The core actors are Amelia Bullmore, Julia Davis, Kevin Eldon, Mark Heap and Simon Pegg; Pegg has commented about how Big Train worked: "Graham and Arthur are great and they'll say, you're this mouse and you're in a pub with a cat - what happens? And we'll go off and do it." So what you get, especially as the actors are improvising, is comedy with no jokes as such, and lots of the humour (which is basically absurdist) comes from introducing the outlandish or the completely inappropriate into prosaic settings.

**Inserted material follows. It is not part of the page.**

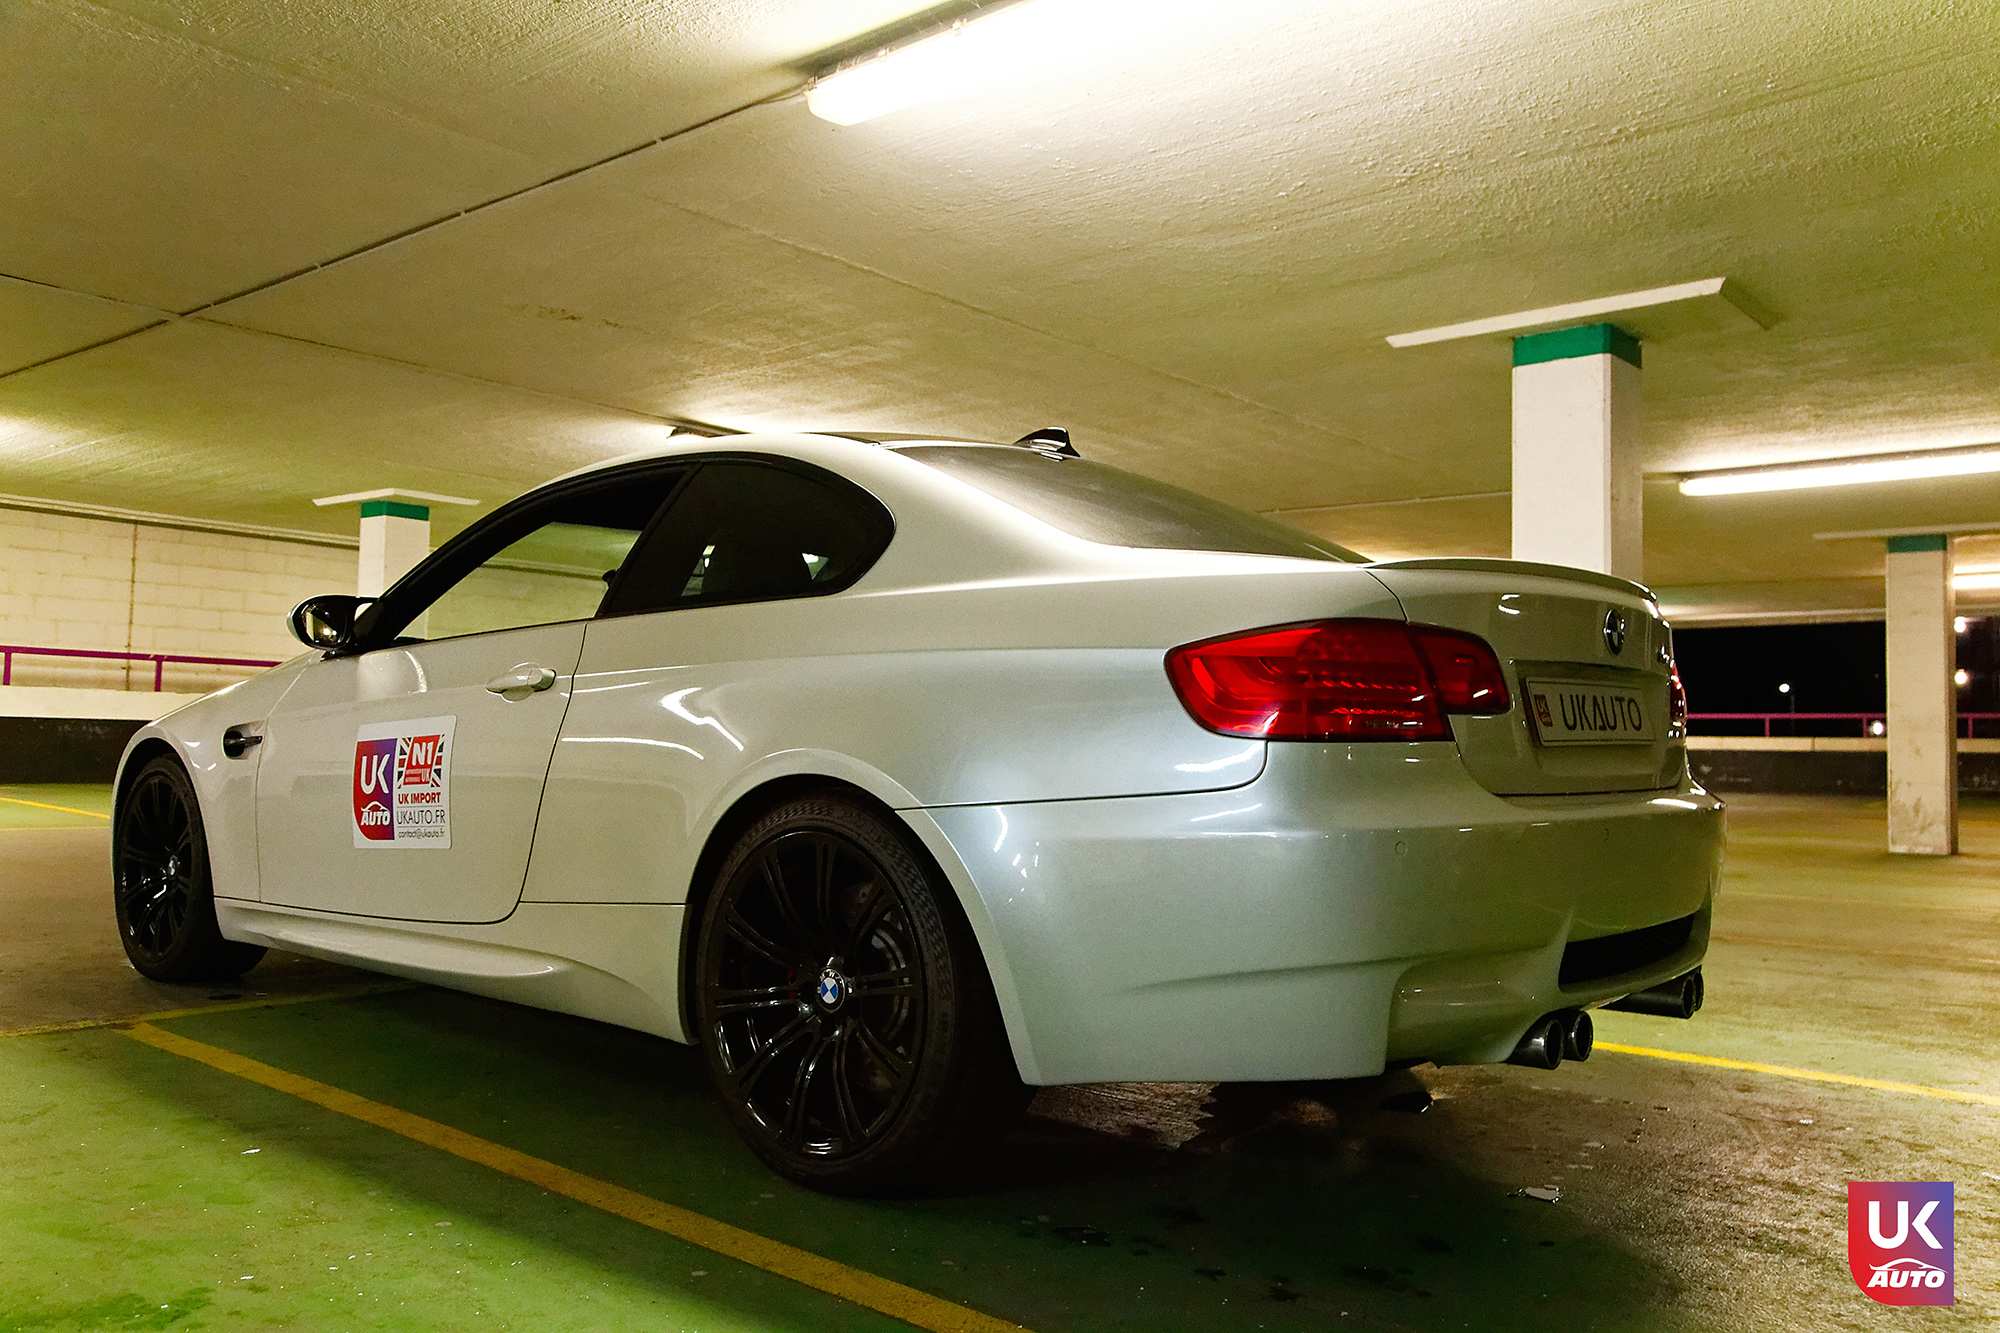 BMW m3 E92 import auto mandataire angleterre uk londres bmw leboncoin achat angleterre bmw voiture anglaise auto rhd e92 uk auto2 - Felecitation a Clement pour cette BMW M3 E92 COUPE RHD PACK CARBON BMW ANGLETERRE VOITURE UK
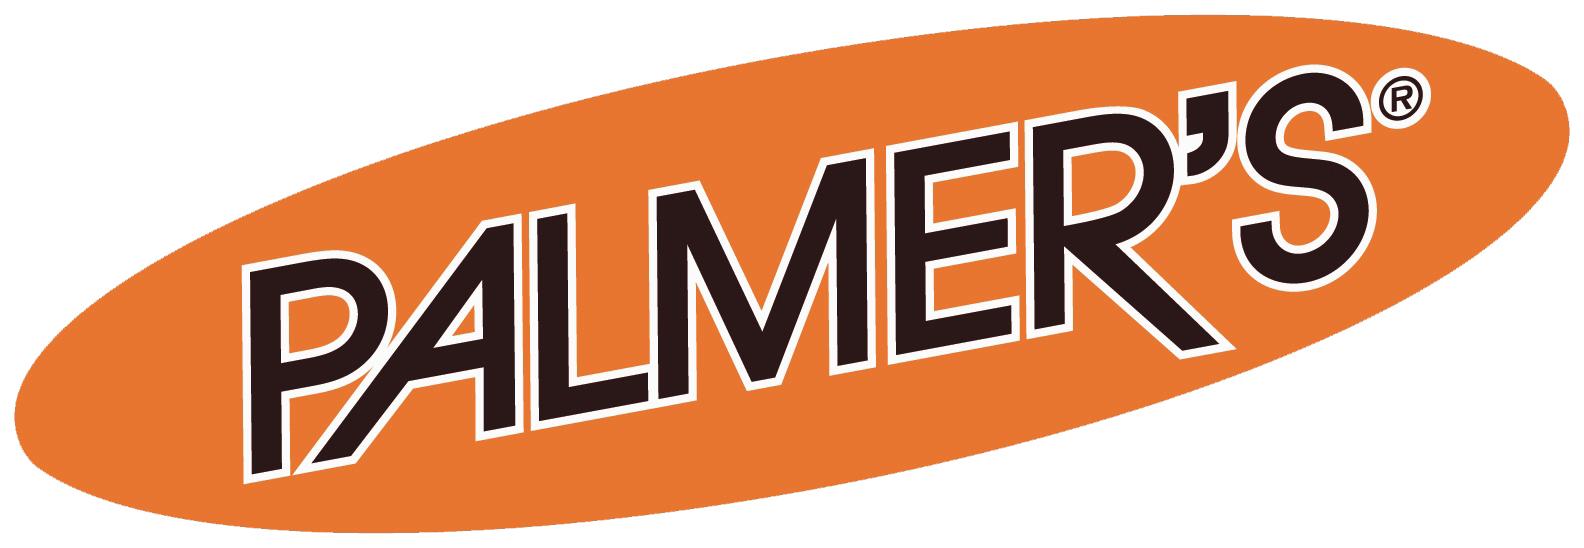 Palmer's.jpg

They do it as well by introducing one parodied movie genre into another parodied movie genre, and everything is based on the protagonists in the sketches accepting as normal a different and more bizarre set of rules in life. This is about the only link - and it is tenuous - with Father Ted.

Linehan and Mathews are purposefully not doing anything similar to Ted. Mathews comments: "It's very strange and I don't know how it will be received - it's not really Ted-friendly, you know? I think it'll get the top end of the Ted audience, but you won't get the family audience that Ted had. Kids love Father Ted, they loved Father Jack. But this (Big Train) is very naturalistic and in a very different style. It's very English and all the people in it are English. But it's not a family programme."

They analyse what they're at. And then the conversation becomes a big joke.

Linehan: We did think we had something to offer in terms of the sketch show, because The Day Today and Brass Eye were using naturalism to parody the news, or programmes like Panorama, but we thought we could use naturalism in sketches. Nothing to do with parodying the news or whatever - just silly ideas that are presented in a very realistic way, so we used a lot of the techniques that The Day Today used and tried to get the actors to improvise, which they did, and shot it in a very loose, hand-held style, so we probably have added something new to the comedy genre, but only because of people who passed through the area before.

Mathews: The pioneers, we call them.

L: Yes, we're the sidekicks. When the wagons thunder through, we're the guys behind on the donkey, rattling all over the place.

M: And when everyone else is killed we're the only ones left alive.

L: No, we just thought there were a couple of things that hadn't been done. And there's a certain kind of humour that Vic and Bob have explored, which is things that are funny not for any satiric or parodic reason but just because they're funny.

Linehan directed to keep control: "Chris Morris did the pilot, and if he'd done the whole series then I could just as easily have gone home. But if Chris Morris isn't doing it then we have to be there, we have to be overseeing it because sketches can go wrong in so many millions of different ways."

Linehan comments that they didn't want to do another sitcom straight away and they've always done sketches and wanted them done in a particular way. Says Mathews, I'm glad we've done this after Ted, it's a buffer."

Later, the conversation turns to what's on in the local cinema, and even Saving Private Ryan isn't safe. "Wouldn't it be great," says Linehan, "if instead of saving Private Ryan, they accidentally captured Hitler." "Yeah," says Mathews ironically, "and then there could be a hilarious car chase."

Big Train starts on BBC 2, Monday, 10 p.m.